# cover letter canada



## kevbudd (Jul 11, 2013)

I am currently living In the UK and would like to move to Saskatchewan.
I have been looking in to the SINP skilled worker which I should qualify for if I were to secure employment.
I am a satellite/cable and broadband installer with heights, roped access and management experience.
before I just go ahead and fire off my cover letter and resume I was wondering how would I be best explaining I am a Brit looking for sponsorship for my visa which could potentially take months/years. I am also not in the position to jump on a plane to attend interviews due to work, family and funding so would have to complete any interviews over the phone or by Skype.

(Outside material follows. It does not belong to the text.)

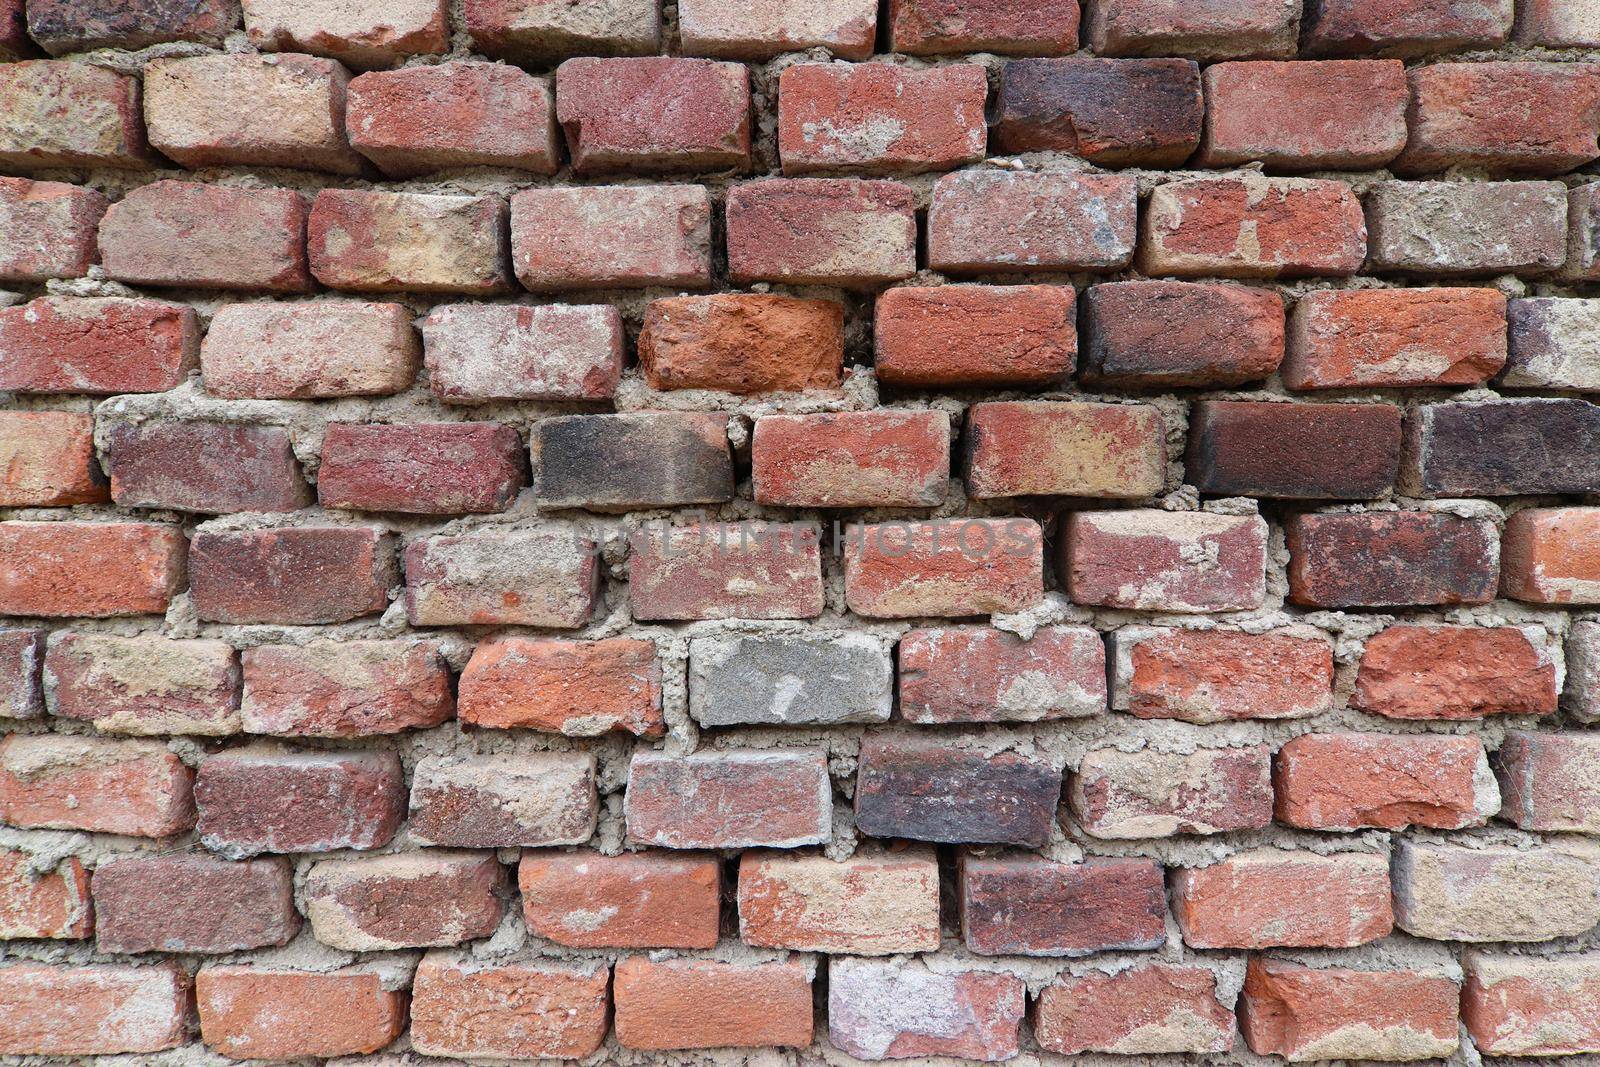 Detail of the old brick wall - brick pattern
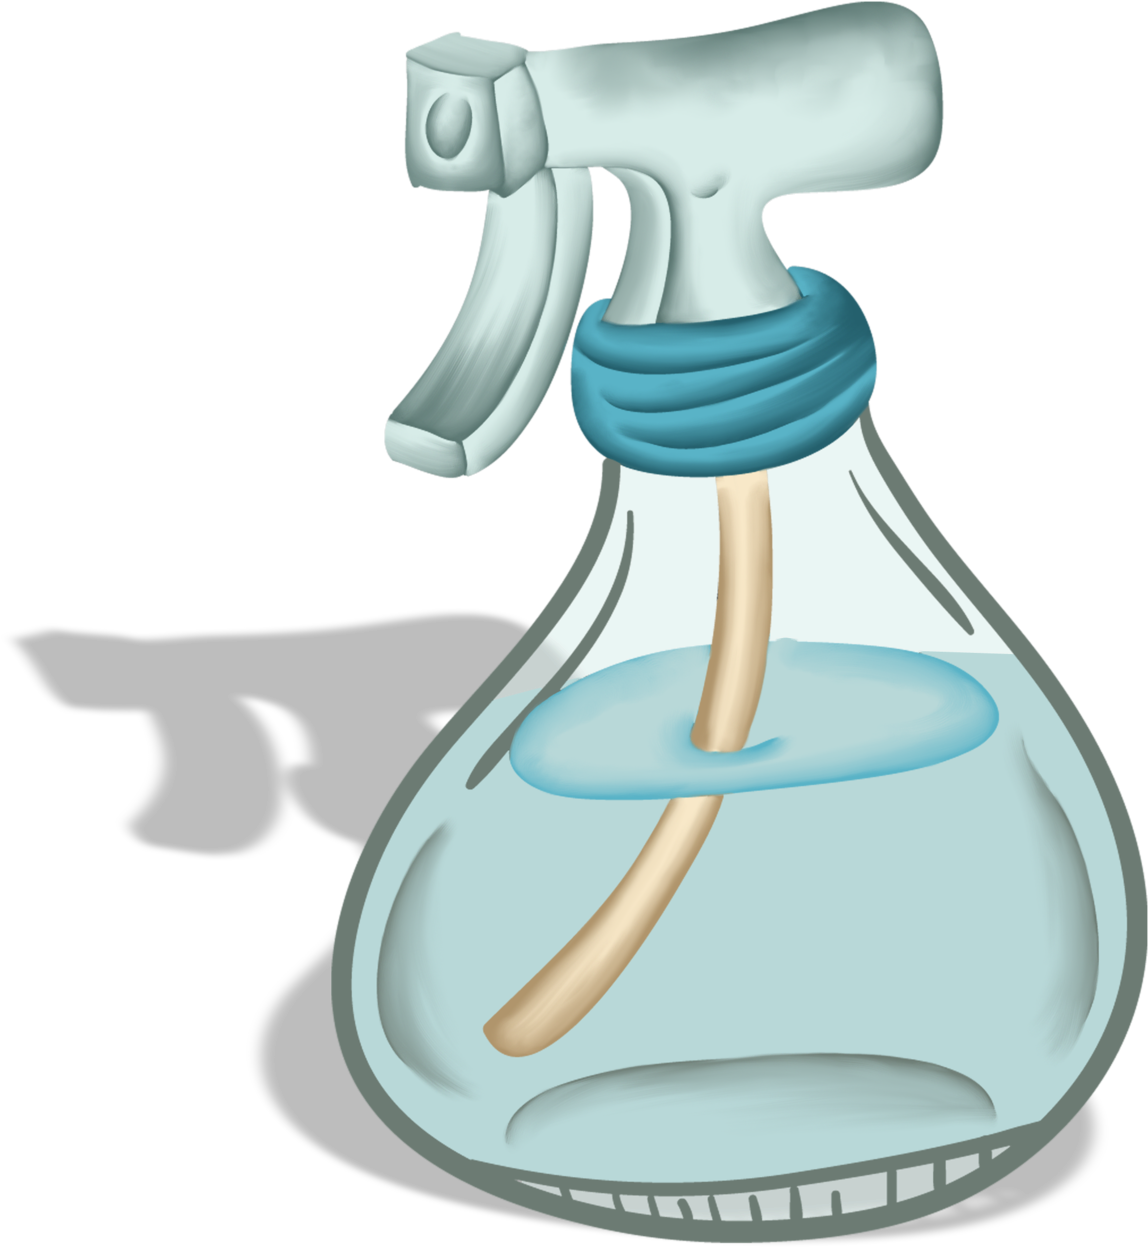 Spray Bottle Clipart - Water Spray Bottle Clipart - Png Download - Large Si...

thanks in advance for any help


----------



## Liam(at)Large (Sep 2, 2012)

kevbudd said:


> I am currently living In the UK and would like to move to Saskatchewan.
> I have been looking in to the SINP skilled worker which I should qualify for if I were to secure employment.
> I am a satellite/cable and broadband installer with heights, roped access and management experience.
> before I just go ahead and fire off my cover letter and resume I was wondering how would I be best explaining I am a Brit looking for sponsorship for my visa which could potentially take months/years. I am also not in the position to jump on a plane to attend interviews due to work, family and funding so would have to complete any interviews over the phone or by Skype.
> ...


If you can't do in-person/face-to-face interviews (at your expense) a job offer is unlikely to happen in your field, there are already a good number of locally trained, experienced and available people in your profession... That said, I would state somewhere near the beginning of your cover letter everything you have outlined above, "I am a British citizen currently residing in the UK looking to make the move to Canada/Saskatchewan. With a job offer, I qualify for the SINP, etc..."


----------



## kevbudd (Jul 11, 2013)

cheers for the advise its much appreciated


----------